→ Collected data:

• • • • •

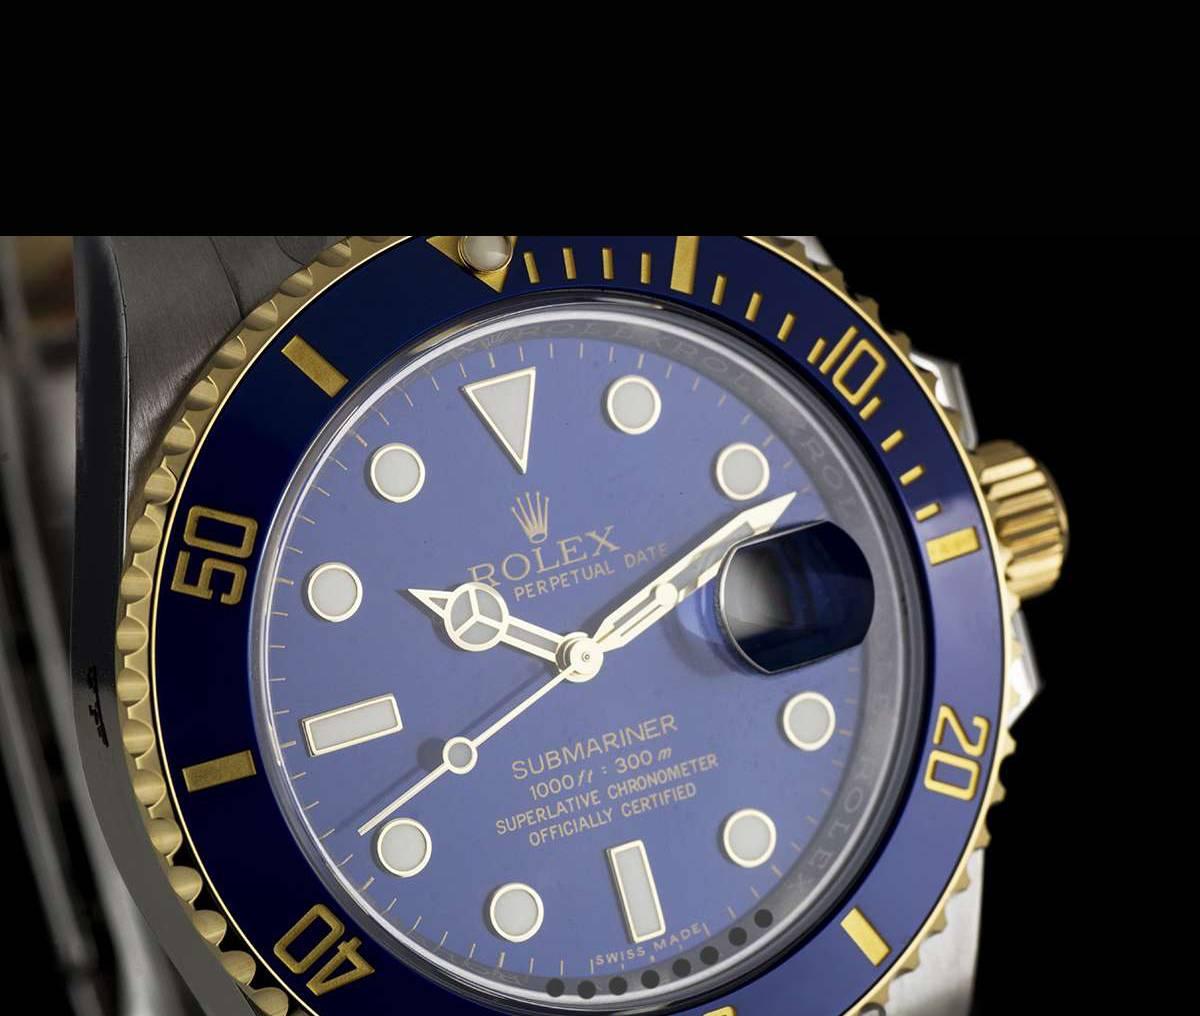 An Unworn Stainless Steel & 18k Yellow Gold Oyster Perpetual Submariner Date Gents Wristwatch, blue dial with applied hour markers, date at 3 0'clock, an 18k yellow gold uni-directional rotating bezel with a blue ceramic insert, a stainless
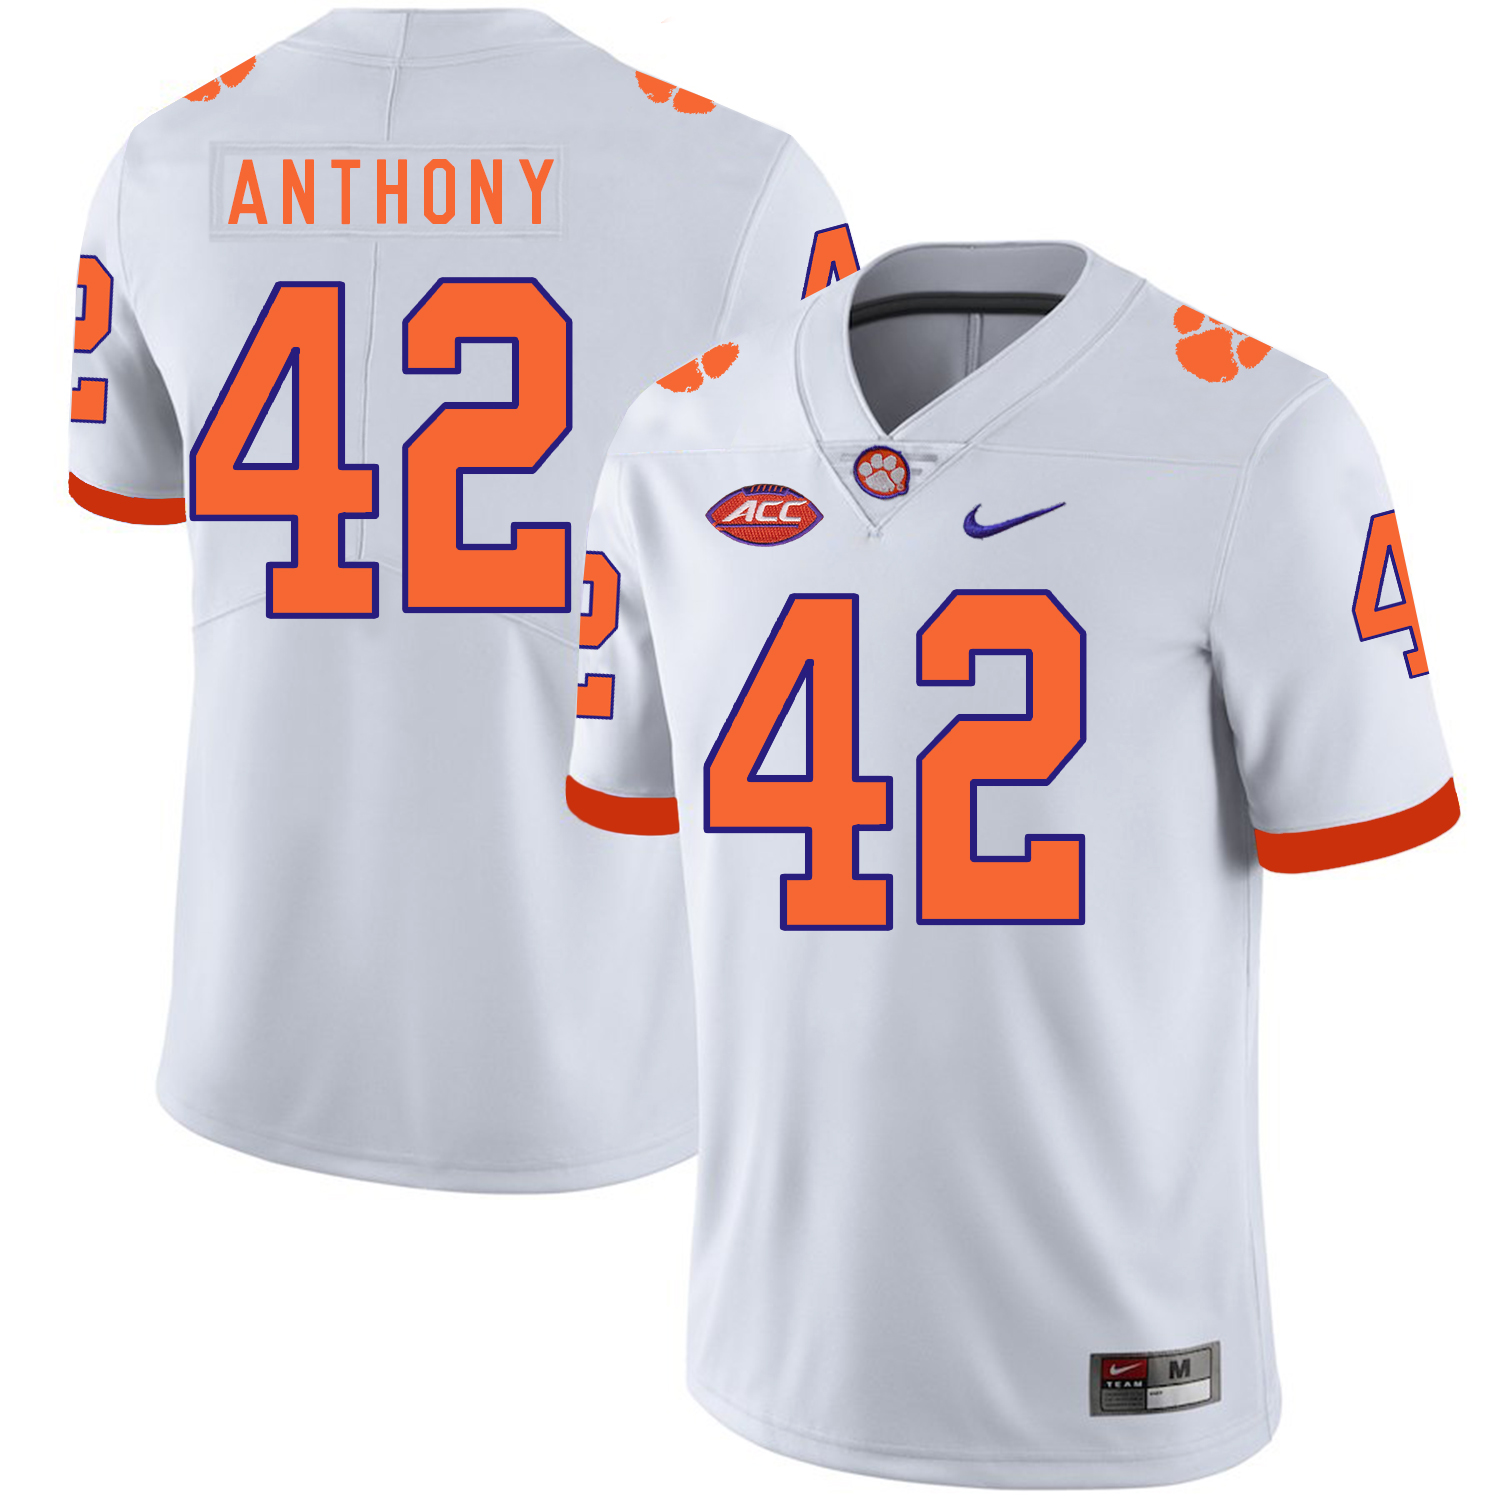 Clemson Tigers 42 Christian Wilkins White Nike College Football Jersey
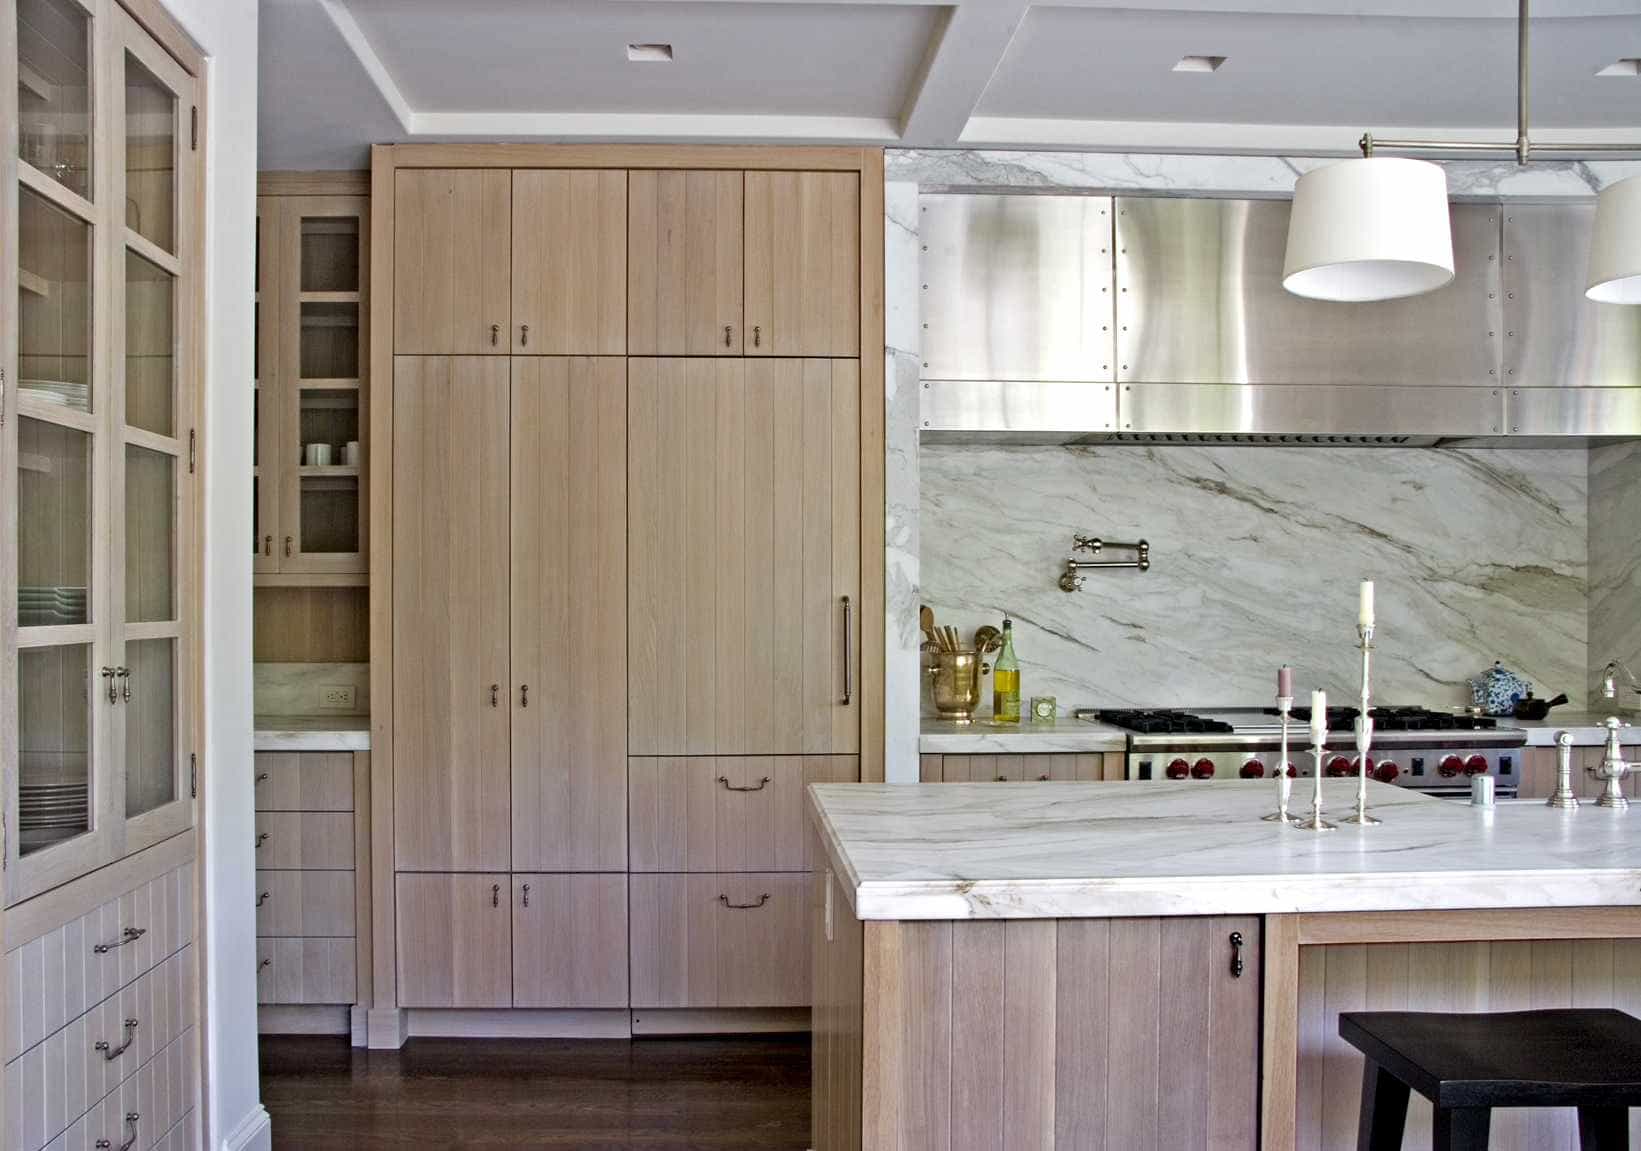 Revitalize Your Kitchen The Guide to Whitewash Kitchen Cabinets

• • • • •

Lines from the one that contains "Clemson Tigers 42" through the last line of the data above are to be extracted exactly, with no pictures and no other lines.

 Clemson Tigers 42 Christian Wilkins White Nike College Football Jersey
 Revitalize Your Kitchen The Guide to Whitewash Kitchen Cabinets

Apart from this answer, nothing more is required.